Task to complete: How does the data below read from its first line through the line containing "Giuseppe Morfino"? Print those lines exactly.

(Stored dataset items)

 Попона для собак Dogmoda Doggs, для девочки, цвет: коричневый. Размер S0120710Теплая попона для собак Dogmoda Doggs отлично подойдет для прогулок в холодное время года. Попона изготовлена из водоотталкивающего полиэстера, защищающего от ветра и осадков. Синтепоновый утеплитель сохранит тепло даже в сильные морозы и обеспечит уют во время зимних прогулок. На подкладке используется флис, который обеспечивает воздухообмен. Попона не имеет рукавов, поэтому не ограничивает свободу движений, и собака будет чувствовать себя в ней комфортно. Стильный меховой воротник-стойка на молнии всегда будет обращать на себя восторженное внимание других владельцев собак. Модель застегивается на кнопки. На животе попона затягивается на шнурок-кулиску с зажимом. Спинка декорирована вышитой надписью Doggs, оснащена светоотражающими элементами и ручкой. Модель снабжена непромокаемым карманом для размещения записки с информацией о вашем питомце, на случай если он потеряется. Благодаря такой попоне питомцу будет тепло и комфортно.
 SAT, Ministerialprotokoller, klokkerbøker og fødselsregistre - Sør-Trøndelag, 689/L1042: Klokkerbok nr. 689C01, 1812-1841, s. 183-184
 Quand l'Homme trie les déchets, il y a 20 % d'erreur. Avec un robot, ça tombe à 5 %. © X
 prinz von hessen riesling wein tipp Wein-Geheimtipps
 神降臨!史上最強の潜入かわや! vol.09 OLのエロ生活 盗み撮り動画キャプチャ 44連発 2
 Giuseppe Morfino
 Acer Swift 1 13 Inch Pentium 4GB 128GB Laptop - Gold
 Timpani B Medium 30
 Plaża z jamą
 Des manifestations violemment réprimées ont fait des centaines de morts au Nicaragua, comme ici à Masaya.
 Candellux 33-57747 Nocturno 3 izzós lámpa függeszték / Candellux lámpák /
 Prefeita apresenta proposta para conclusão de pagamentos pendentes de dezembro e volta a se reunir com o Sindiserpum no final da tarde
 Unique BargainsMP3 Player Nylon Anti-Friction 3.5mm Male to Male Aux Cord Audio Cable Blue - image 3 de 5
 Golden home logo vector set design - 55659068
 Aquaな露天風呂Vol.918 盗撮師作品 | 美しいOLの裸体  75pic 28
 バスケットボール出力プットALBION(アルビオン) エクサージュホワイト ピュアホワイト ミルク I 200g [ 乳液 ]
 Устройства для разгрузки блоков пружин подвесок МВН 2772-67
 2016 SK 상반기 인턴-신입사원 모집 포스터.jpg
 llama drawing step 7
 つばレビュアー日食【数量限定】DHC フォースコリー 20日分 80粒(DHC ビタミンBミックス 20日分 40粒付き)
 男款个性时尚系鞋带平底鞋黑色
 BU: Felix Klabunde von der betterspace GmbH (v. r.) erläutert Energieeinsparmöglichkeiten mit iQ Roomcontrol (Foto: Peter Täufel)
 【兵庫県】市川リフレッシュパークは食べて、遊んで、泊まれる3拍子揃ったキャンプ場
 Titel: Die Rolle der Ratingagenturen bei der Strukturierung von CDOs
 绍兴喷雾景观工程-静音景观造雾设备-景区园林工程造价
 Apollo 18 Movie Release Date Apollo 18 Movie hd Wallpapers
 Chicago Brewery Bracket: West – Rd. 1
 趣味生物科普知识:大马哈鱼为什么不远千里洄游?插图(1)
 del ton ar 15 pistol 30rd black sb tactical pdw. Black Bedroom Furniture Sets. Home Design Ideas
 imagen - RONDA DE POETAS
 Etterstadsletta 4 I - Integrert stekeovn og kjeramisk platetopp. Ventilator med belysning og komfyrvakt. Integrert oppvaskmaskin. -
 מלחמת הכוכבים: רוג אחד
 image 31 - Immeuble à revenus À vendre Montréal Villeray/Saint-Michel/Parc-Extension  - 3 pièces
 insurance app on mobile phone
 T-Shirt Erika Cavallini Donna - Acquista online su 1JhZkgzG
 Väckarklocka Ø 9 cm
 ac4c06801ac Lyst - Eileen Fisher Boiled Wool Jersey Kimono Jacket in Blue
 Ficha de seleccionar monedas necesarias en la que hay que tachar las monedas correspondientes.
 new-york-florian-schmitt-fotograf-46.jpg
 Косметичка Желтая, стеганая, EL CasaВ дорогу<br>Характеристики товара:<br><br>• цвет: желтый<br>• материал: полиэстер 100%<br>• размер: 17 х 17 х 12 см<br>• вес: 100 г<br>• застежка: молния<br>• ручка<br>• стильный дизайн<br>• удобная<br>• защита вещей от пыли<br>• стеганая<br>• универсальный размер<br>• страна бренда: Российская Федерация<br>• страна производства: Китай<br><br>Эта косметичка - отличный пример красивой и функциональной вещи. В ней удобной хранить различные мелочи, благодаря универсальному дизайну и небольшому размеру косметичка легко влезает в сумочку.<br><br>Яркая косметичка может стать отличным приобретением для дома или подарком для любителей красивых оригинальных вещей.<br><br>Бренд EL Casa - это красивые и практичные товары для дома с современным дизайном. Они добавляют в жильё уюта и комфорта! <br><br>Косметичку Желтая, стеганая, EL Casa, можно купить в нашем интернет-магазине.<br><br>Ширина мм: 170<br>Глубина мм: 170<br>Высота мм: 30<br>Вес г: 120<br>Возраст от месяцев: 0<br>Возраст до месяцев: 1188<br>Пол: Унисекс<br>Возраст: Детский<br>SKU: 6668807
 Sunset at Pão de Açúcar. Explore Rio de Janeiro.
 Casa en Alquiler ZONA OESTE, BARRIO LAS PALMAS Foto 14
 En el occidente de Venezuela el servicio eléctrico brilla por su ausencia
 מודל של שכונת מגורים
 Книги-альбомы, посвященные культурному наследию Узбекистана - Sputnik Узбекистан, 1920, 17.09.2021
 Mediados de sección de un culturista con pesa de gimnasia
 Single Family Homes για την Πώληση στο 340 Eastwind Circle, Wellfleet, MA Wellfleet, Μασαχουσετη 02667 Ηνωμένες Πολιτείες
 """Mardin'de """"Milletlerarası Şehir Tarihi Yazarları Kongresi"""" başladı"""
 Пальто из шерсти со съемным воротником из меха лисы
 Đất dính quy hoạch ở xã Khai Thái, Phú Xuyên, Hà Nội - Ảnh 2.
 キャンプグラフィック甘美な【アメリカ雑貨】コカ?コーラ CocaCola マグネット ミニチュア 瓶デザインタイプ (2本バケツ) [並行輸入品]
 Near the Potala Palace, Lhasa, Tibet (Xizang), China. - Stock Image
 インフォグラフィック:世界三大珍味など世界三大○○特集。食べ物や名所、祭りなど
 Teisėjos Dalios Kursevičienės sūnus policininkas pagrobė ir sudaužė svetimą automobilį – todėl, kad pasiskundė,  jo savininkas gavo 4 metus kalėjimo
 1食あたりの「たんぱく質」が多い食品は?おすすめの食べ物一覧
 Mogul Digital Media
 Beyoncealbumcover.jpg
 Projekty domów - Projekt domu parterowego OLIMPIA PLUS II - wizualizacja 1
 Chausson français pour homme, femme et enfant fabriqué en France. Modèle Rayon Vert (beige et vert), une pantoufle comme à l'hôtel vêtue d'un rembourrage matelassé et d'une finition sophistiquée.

Answer space:
 Попона для собак Dogmoda Doggs, для девочки, цвет: коричневый. Размер S0120710Теплая попона для собак Dogmoda Doggs отлично подойдет для прогулок в холодное время года. Попона изготовлена из водоотталкивающего полиэстера, защищающего от ветра и осадков. Синтепоновый утеплитель сохранит тепло даже в сильные морозы и обеспечит уют во время зимних прогулок. На подкладке используется флис, который обеспечивает воздухообмен. Попона не имеет рукавов, поэтому не ограничивает свободу движений, и собака будет чувствовать себя в ней комфортно. Стильный меховой воротник-стойка на молнии всегда будет обращать на себя восторженное внимание других владельцев собак. Модель застегивается на кнопки. На животе попона затягивается на шнурок-кулиску с зажимом. Спинка декорирована вышитой надписью Doggs, оснащена светоотражающими элементами и ручкой. Модель снабжена непромокаемым карманом для размещения записки с информацией о вашем питомце, на случай если он потеряется. Благодаря такой попоне питомцу будет тепло и комфортно.
 SAT, Ministerialprotokoller, klokkerbøker og fødselsregistre - Sør-Trøndelag, 689/L1042: Klokkerbok nr. 689C01, 1812-1841, s. 183-184
 Quand l'Homme trie les déchets, il y a 20 % d'erreur. Avec un robot, ça tombe à 5 %. © X
 prinz von hessen riesling wein tipp Wein-Geheimtipps
 神降臨!史上最強の潜入かわや! vol.09 OLのエロ生活 盗み撮り動画キャプチャ 44連発 2
 Giuseppe Morfino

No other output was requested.